W sierpniu inflacja CPI w Szwajcarii wyniosła 0,2% rok do roku i utrzymała się na tym samym poziomie co w lipcu – poinformował Federalny Urząd Statystyczny. Względem poprzedniego miesiąca szwajcarski indeks cen dóbr konsumpcyjnych obniżył się o 0,1%.


Od początku 2025 roczna dynamika wskaźnika CPI w Szwajcarii utrzymuje się w pobliżu zera. W styczniu wyniosła ona 0,4%, a w lutym i marcu 0,3% oraz spadła do 0,0% w kwietniu. Maj stał pod znakiem pierwszej od 4 lat statystycznej deflacji w kraju Helwetów (-0,1% rdr), ale już czerwiec przyniósł powrót powyżej zera i odczyt na poziomie 0,1% rdr.

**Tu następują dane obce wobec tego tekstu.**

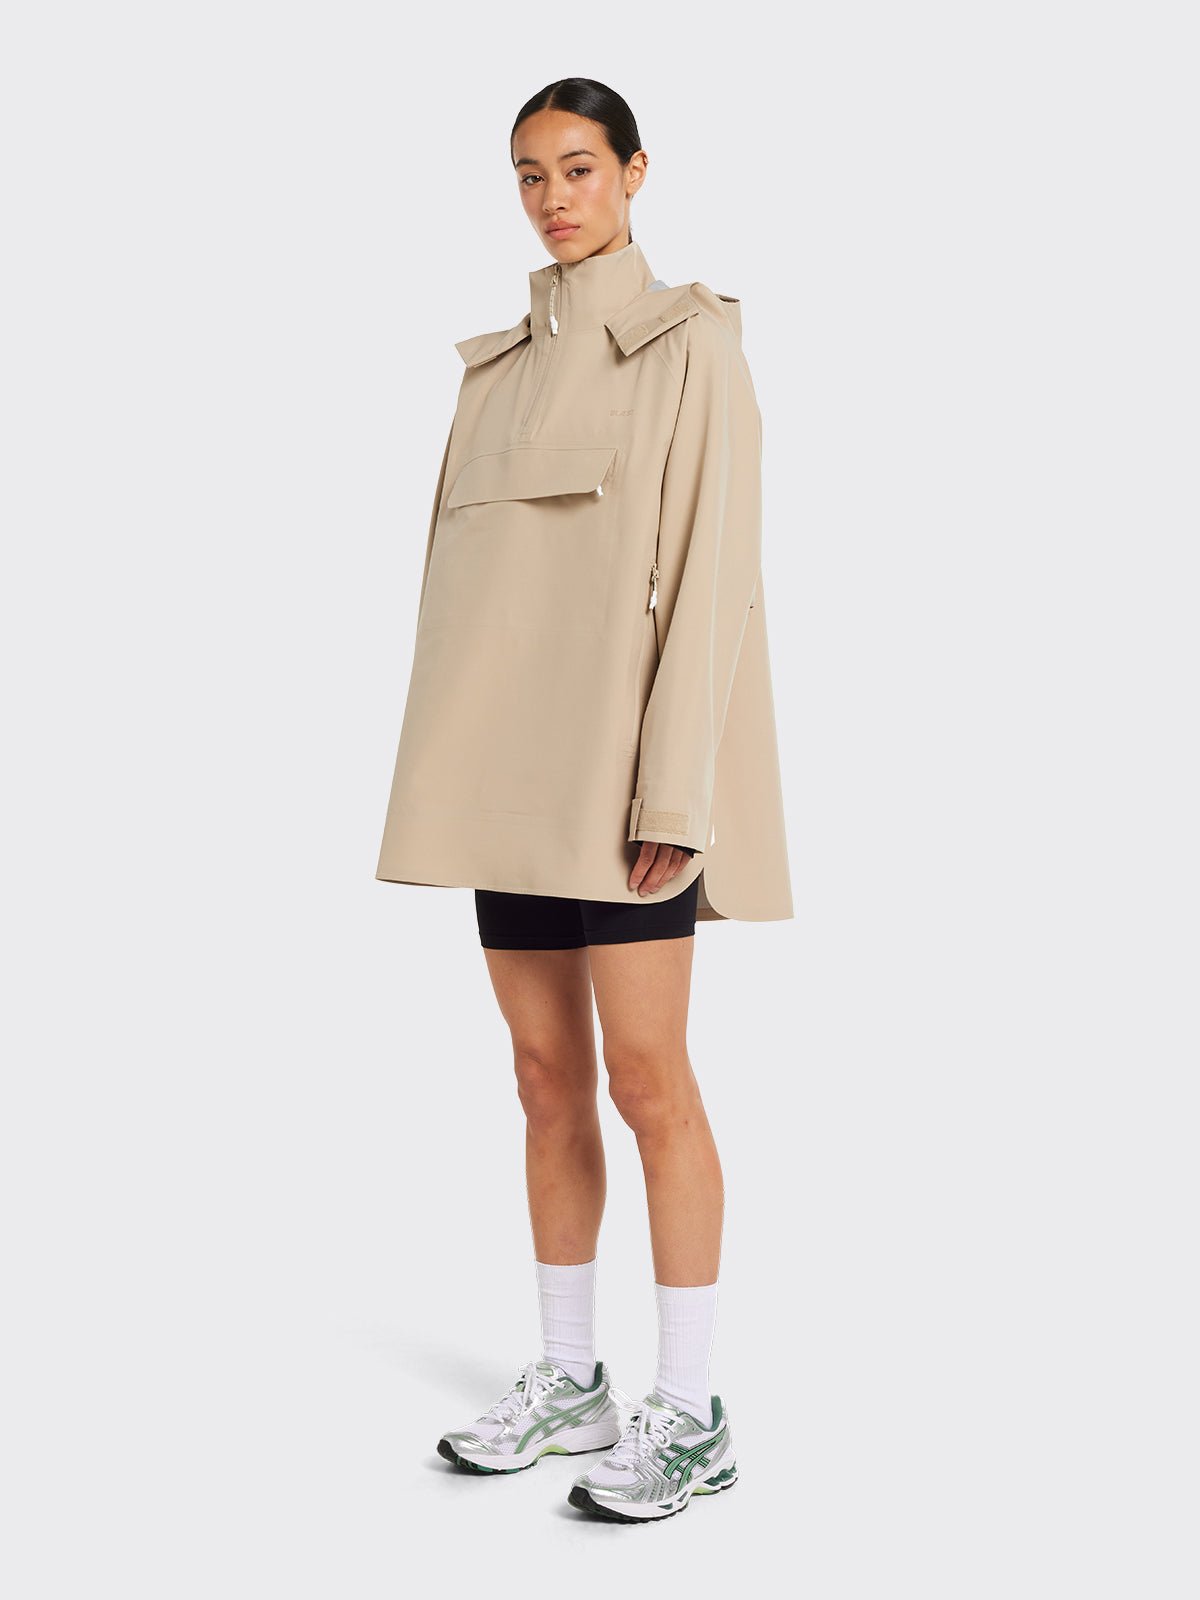 Woman wearing Voss poncho by Blæst in Beige
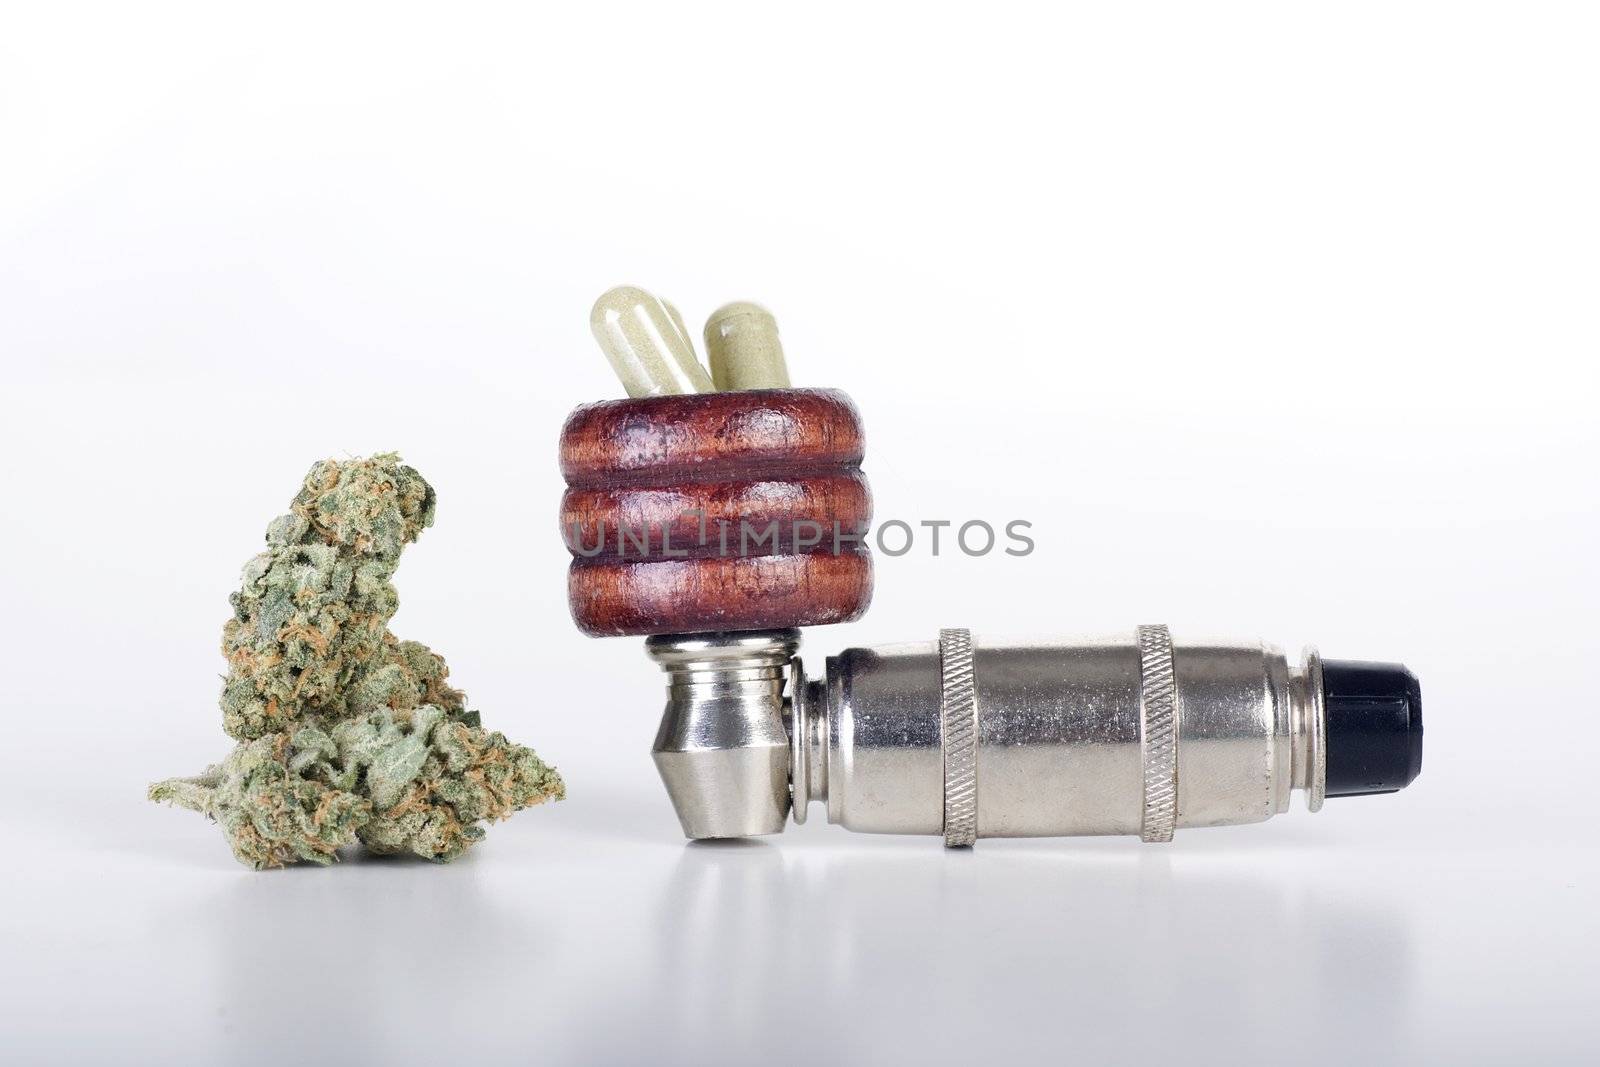 Bud of dried cannabis, pipe and pills.

To wszystko nie zmienia faktu, że w 2025 roku Szwajcaria osiągnęła autentyczną stabilność cen. Przynajmniej średnio i w ogólności, bo ceny poszczególnych dóbr mogą być (i często są) zarówno wyższe, jak i niższe niż rok temu. Chodzi tu o kontrast ze „stabilnością cen” definiowaną przez bankierów centralnych jako stan permanentnej inflacji rozumianej jako systematyczny WZROST cen. Bez znaczenia, czy cel inflacyjny wynosi 2%, 2,5% czy 3,5% - bankom centralnym zawsze chodzi o utrzymanie relatywnie niskiej, ale permanentnej, inflacji cenowej i monetarnej.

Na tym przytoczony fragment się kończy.